Advancing Transparency and Reproducibility with Open Methods

Open Access makes research freely and easily available to all. However, to fully satisfy the ideology of open science, this increased visibility must extend beyond the research article alone.

Open methods, sometimes used interchangeably with open methodology, is a component of open science which pertains to increased transparency across the entire research process.

In this article, we explore open methods and outline their growing importance, along with some of the initiatives helping researchers enhance the reproducibility and transparency of their work.

The importance of methods

A comprehensive and clear methods section is an integral component of any research article.

A key pillar of scientific credibility, methods should clearly outline how researchers have arrived at their findings, in turn allowing others to understand, evaluate, and more importantly reproduce their research.

To achieve reproducibility means providing an in-depth account of your materials and research process, so readers know exactly how results were obtained.

Shrinking methods and the reproducibility crisis

Methods sections are not a novel concept, nor is their importance newly understood. They have always been important to ensuring that studies can be repeated, and their findings can be verified and built upon through further study.

However, methods sections have become shorter and less detailed due to restrictions on the number of words or pages that can be included within articles. In some cases, this extends to restraints on the number of tables and figures used in an article or even the number of sources that can be cited.

Exceeding these limits can be accompanied with charges. Therefore, the incentive for researchers to detail their methods in its entirety is diminished. This contributes to growing concerns within the scholarly community that research is facing a reproducibility crisis.

Previous surveys have found that more than 70% of researchers found themselves unable to repeat other researchers work, demonstrating how undetailed, missing, or inaccessible methods can limit the extent which existing research can be used as a foundation for scientific progress.

Open Access and open methods

Open Access publishers such as MDPI typically operate online. This removes page restrictions and encourages authors to be as detailed as possible in their methods.

Nonetheless, even with the benefits of Open Access publishing, incomplete methods prevent research being completely reproducible. These gaps have led to the rise of open methods.

What are open methods?

Ensuring open methods in research requires making the protocols, procedures, and materials used in a study fully transparent and publicly available.

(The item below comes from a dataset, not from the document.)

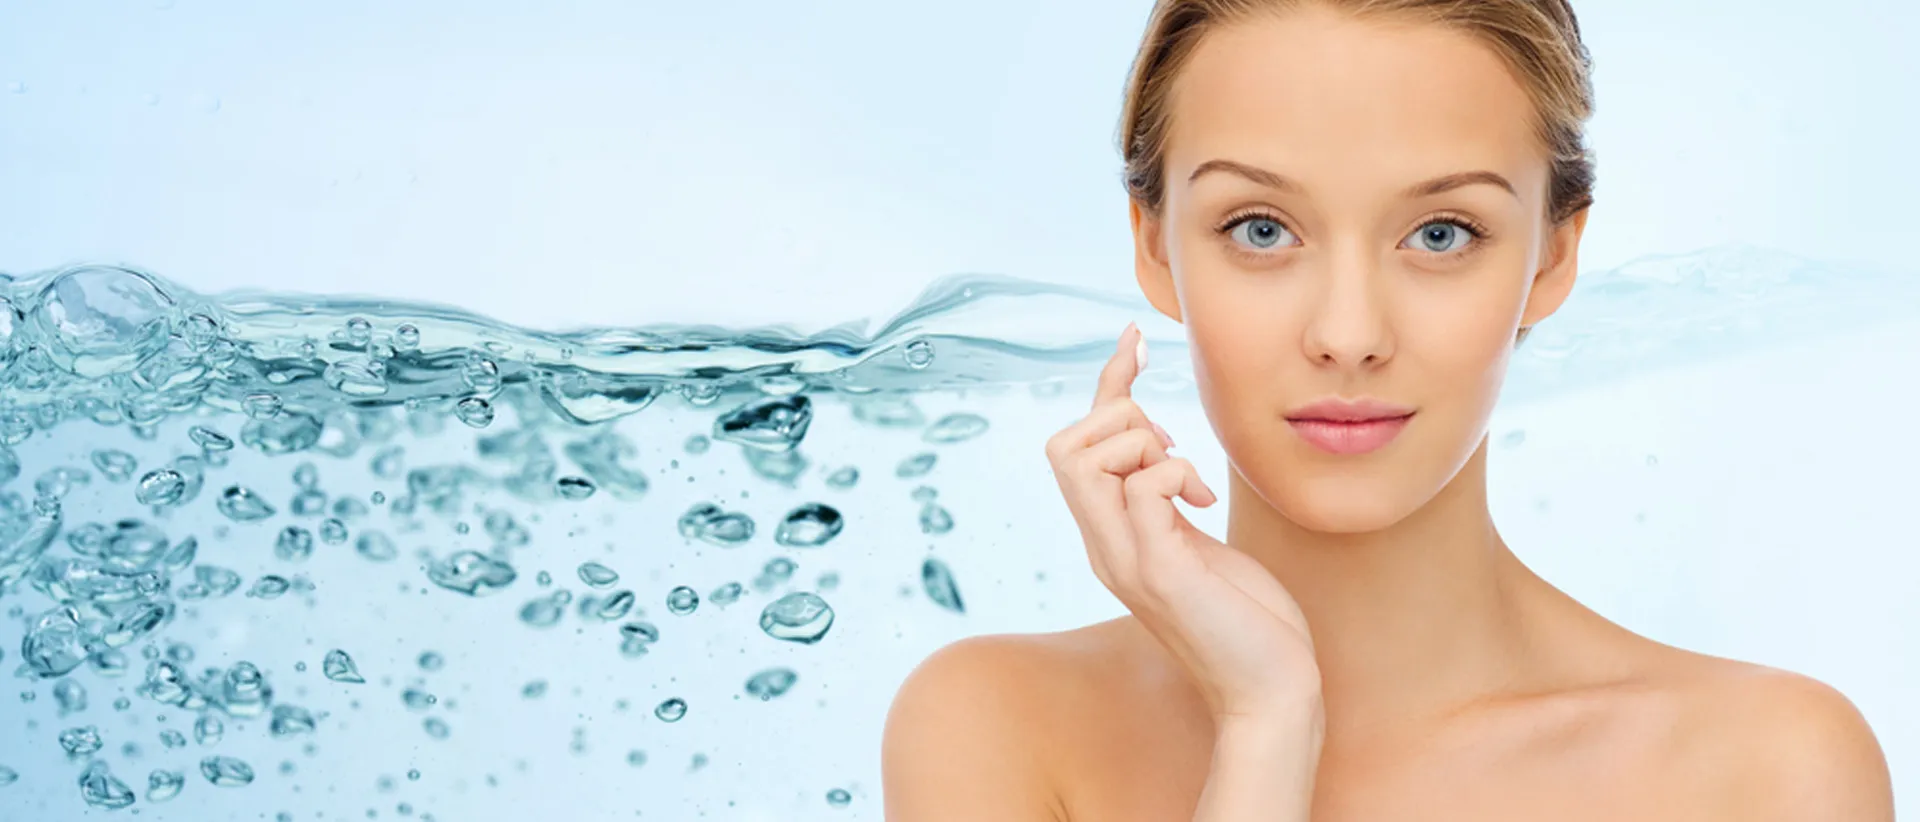 HydraFacial treatment in Hyderabad instantly cleans and hydrates the skin. Girl with clear and hydrated skin.
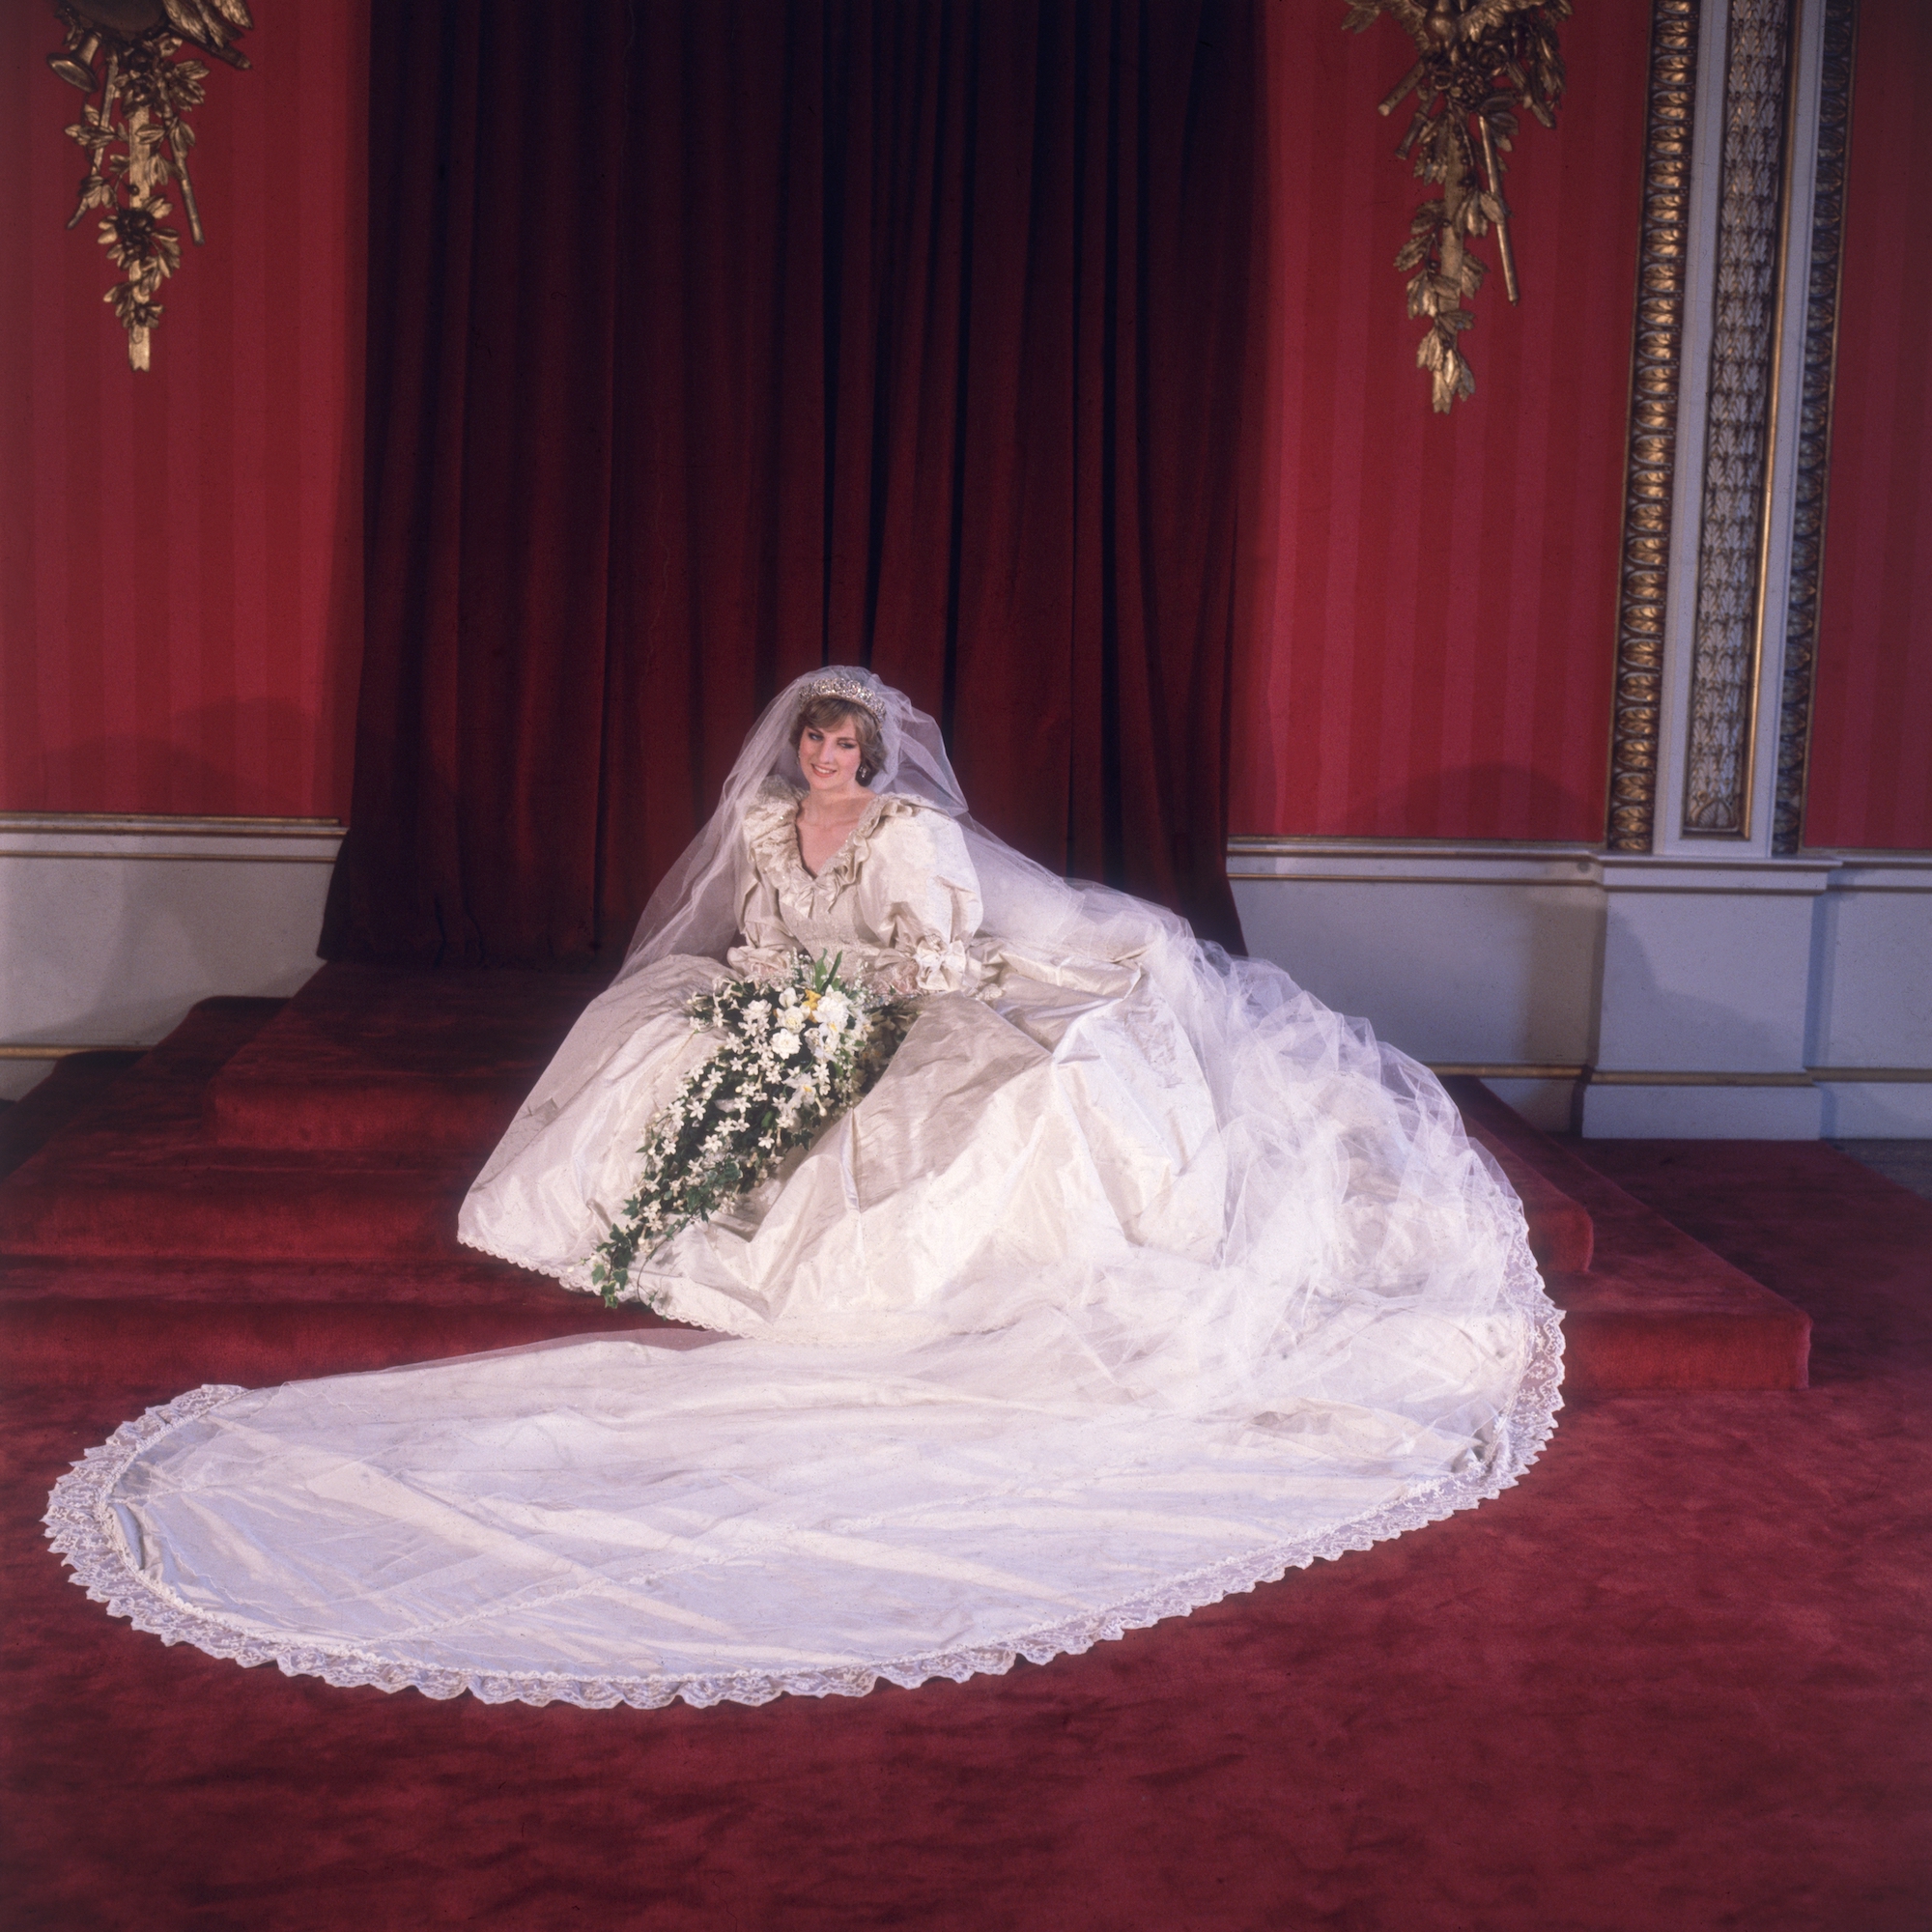 Princess Diana poses in her wedding gown for a formal portrait

Open methods serve to outline research processes in as much granular detail as possible, working to bolster the reproducibility of research.

Often surpassing the requirements of traditional methods sections, open methods feature various additional components:

  • Experimental protocols
  • Specific materials, reagents, and instruments used
  • Information on equipment settings and calibration
  • Survey instruments or questionnaires
  • Descriptions of qualitative data collection procedures
  • Details of data analysis techniques
  • Lab notebooks or digital records

Why do we need open methods?

In the context of the concerns surrounding reproducibility, open methods help to strengthen the transparency of research and ensure it can be repeated by others.

If studies are not reproducible, their findings are not reliable or trustworthy, therefore causing the research to lose its value.

Previously, it has been estimated that in the US alone ‘approximately 28 billion USD a year is spent on preclinical research that is not reproducible’. By strengthening transparency and reproducibility, open methods help ensure a return on investment for scientific funding by making it usable as a basis for future work.

Moreover, it feeds the wider ethos of Open Access publishing and open science practices by making research methods easily and freely accessible to the global scholarly community.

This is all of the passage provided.